クラウドデータのセキュリティの不安

 米国はクラウドが進展しているといえるだろうが、それでも根強くセキュリティへの不安は大きいようである。大企業ほど、万が一の場合の特定責任者の所在がはっきりしないことへの不安が大きいようだ。

企業はクラウドデータのセキュリティに不安――米調査(ITmedia)
日本企業にクラウド化を訴求するGoogle

 自社運用のシステムに比べて、外部からの不正アクセスを見つける方法がないのではないかというものである。これまでのようにファイアーウォールの内側の中のイントラネットのようなものならば、アクセス者はログから特定できるが、ファイアーウォールの外側からはアカウントが流出した場合、どこからでもアクセス可能になるからというものであろう。

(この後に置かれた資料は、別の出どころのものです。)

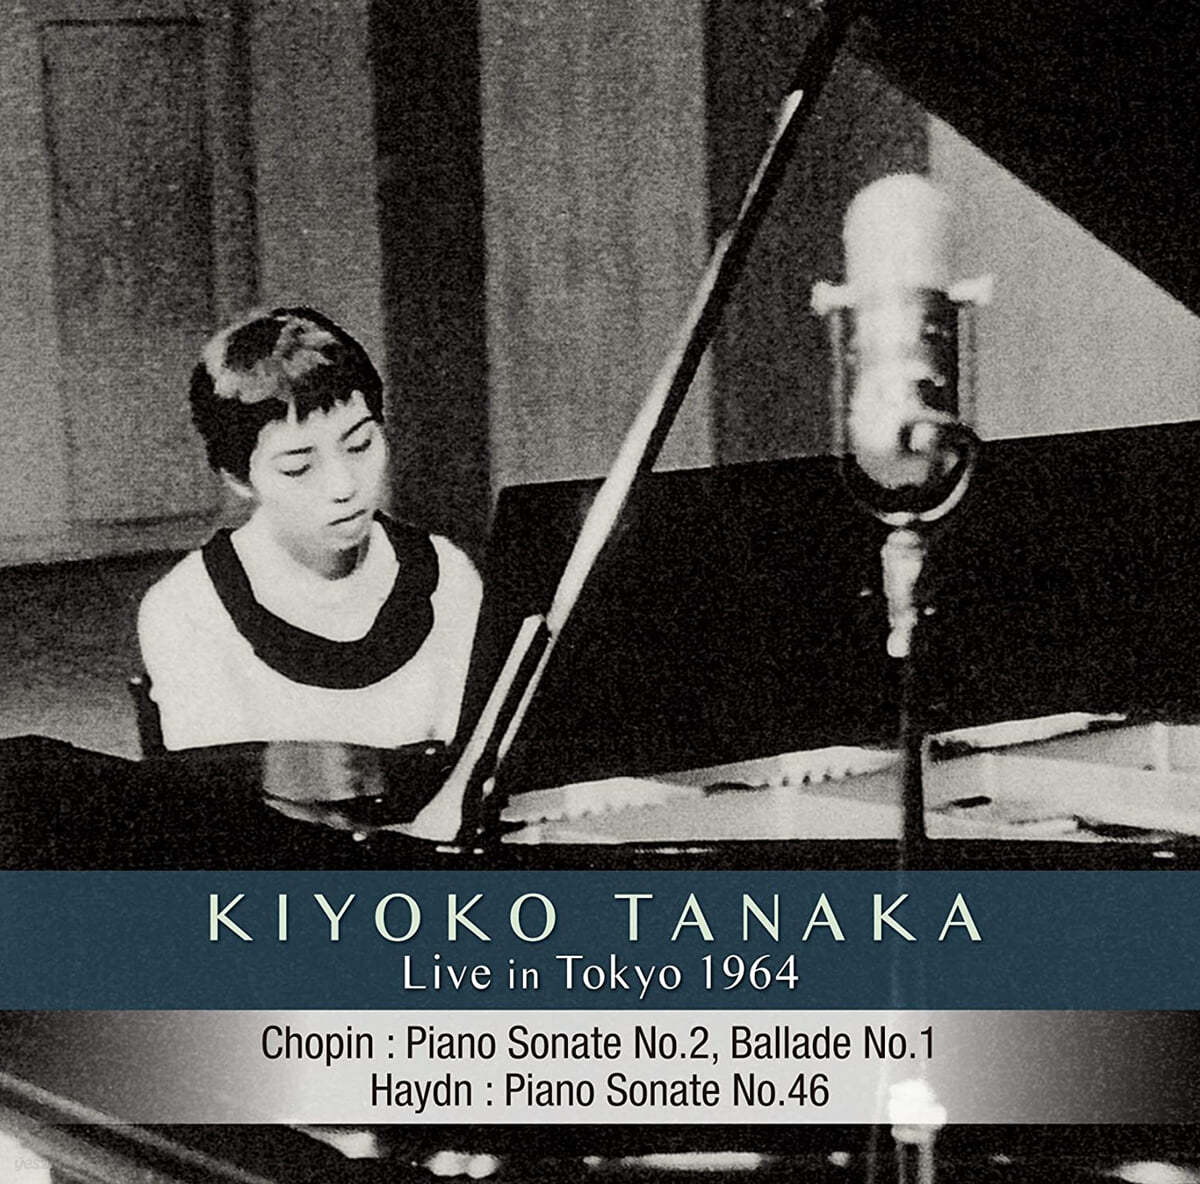 Kiyoko Tanaka 기요코 타나카 - 1964년 실황 연주 (Live in Tokyo 1964)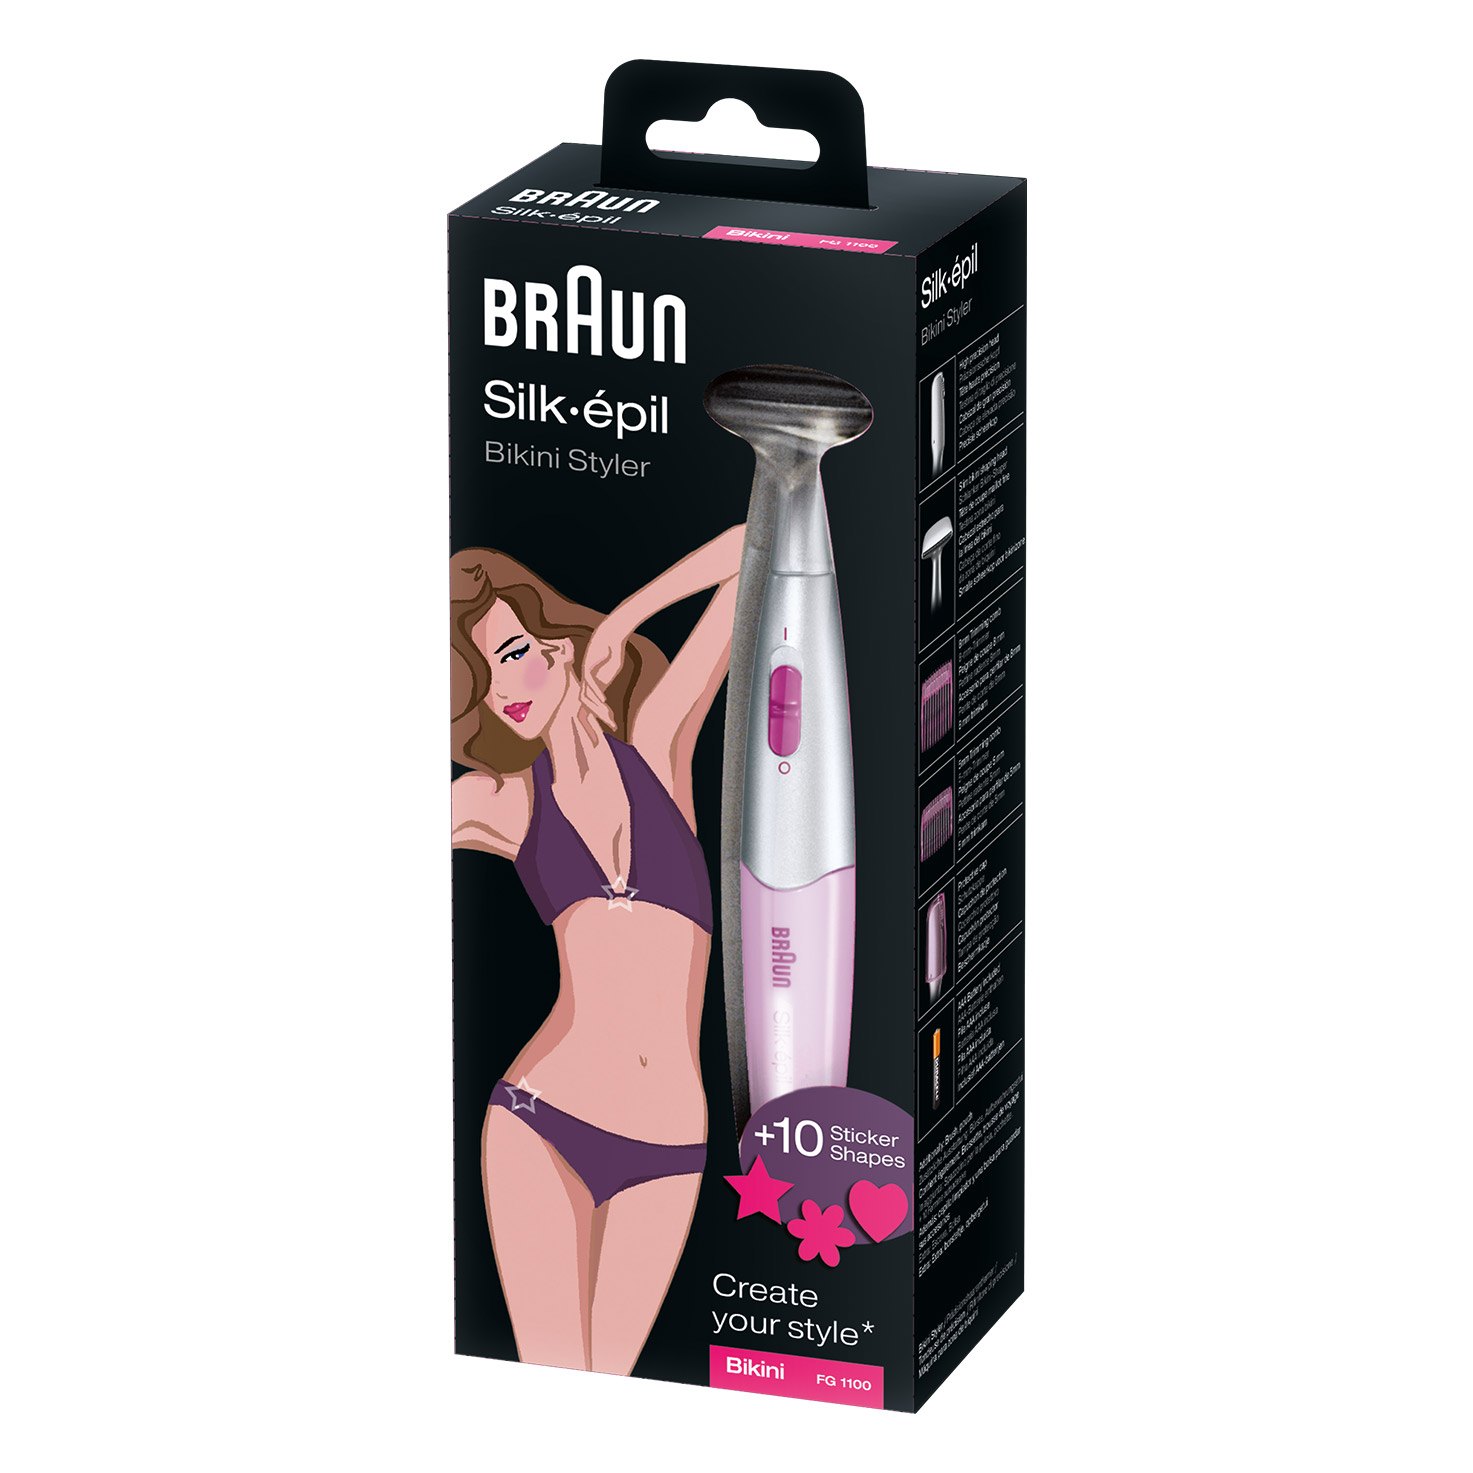 Braun Silk-épil Bikini Styler - FG 1100 pink - packaging

 しかしクラウドのシステムであっても、アクセスする場所や機器を制限することはできる。いきなりネット上にすべてのデータがオープンにされるというわけではない。やはり手元にあれば管理できるが、クラウドのどこのサーバーにデータがあるというのが特定できなければ心理的に不安だ、というものだろう。手元にあれば、いざとなったら回線を引き抜けばデータが保護できるとでもいうのだろうか。ゾンビアカンウントが心配というのは、フリーで登録できるようなWebサービスの場合であろう。簡単に登録できるために、そもそも登録したことさえも忘れていて、そこに置いたデータやコメントなども放置状態になる。そのアカウントがなりすましで使われるという危険がないわけではないだろう。したがって放置されたアカウントが心配だというのはクラウドの問題ではなく、単なるユーザ管理の問題である。退職者のアカウントは期限が来たら自動的に失効するように設定すべきであろう。


 自分はクラウドの管理者になったことはないが、サーバー管理者ならある。大概の作業はリモートで設定できて困らないが、一番怖いのは物理的障害である。いつ起こるかかわらない不慮の停電、強風、大雨、地震の影響、電源異常、ディスク障害など、現場に行かなければ対処できないものである。しかしクラウドに移行できれば、少なくともこれらの障害からは解放されるだろう。


 さてGoogleクラウド化を推進して日本にもプッシュしてきているが、GoogleクラウドはやはりGoogle Apps中心のようである。つまりアプリケーションユーザが主であって、システム管理、運用の部分は少ない。同じクラウドといっても、インフラを提供するイメージのAmazonとはやや異なる。セキュリティが不安視されるのは、どちらかといえばAmazon型の方だろう。「クラウドデータのセキュリティが不安」といっても、実はいろいろなレベルがあるので、心理的な不安や責任所在の議論とはまた分けて考えるべきような気がする。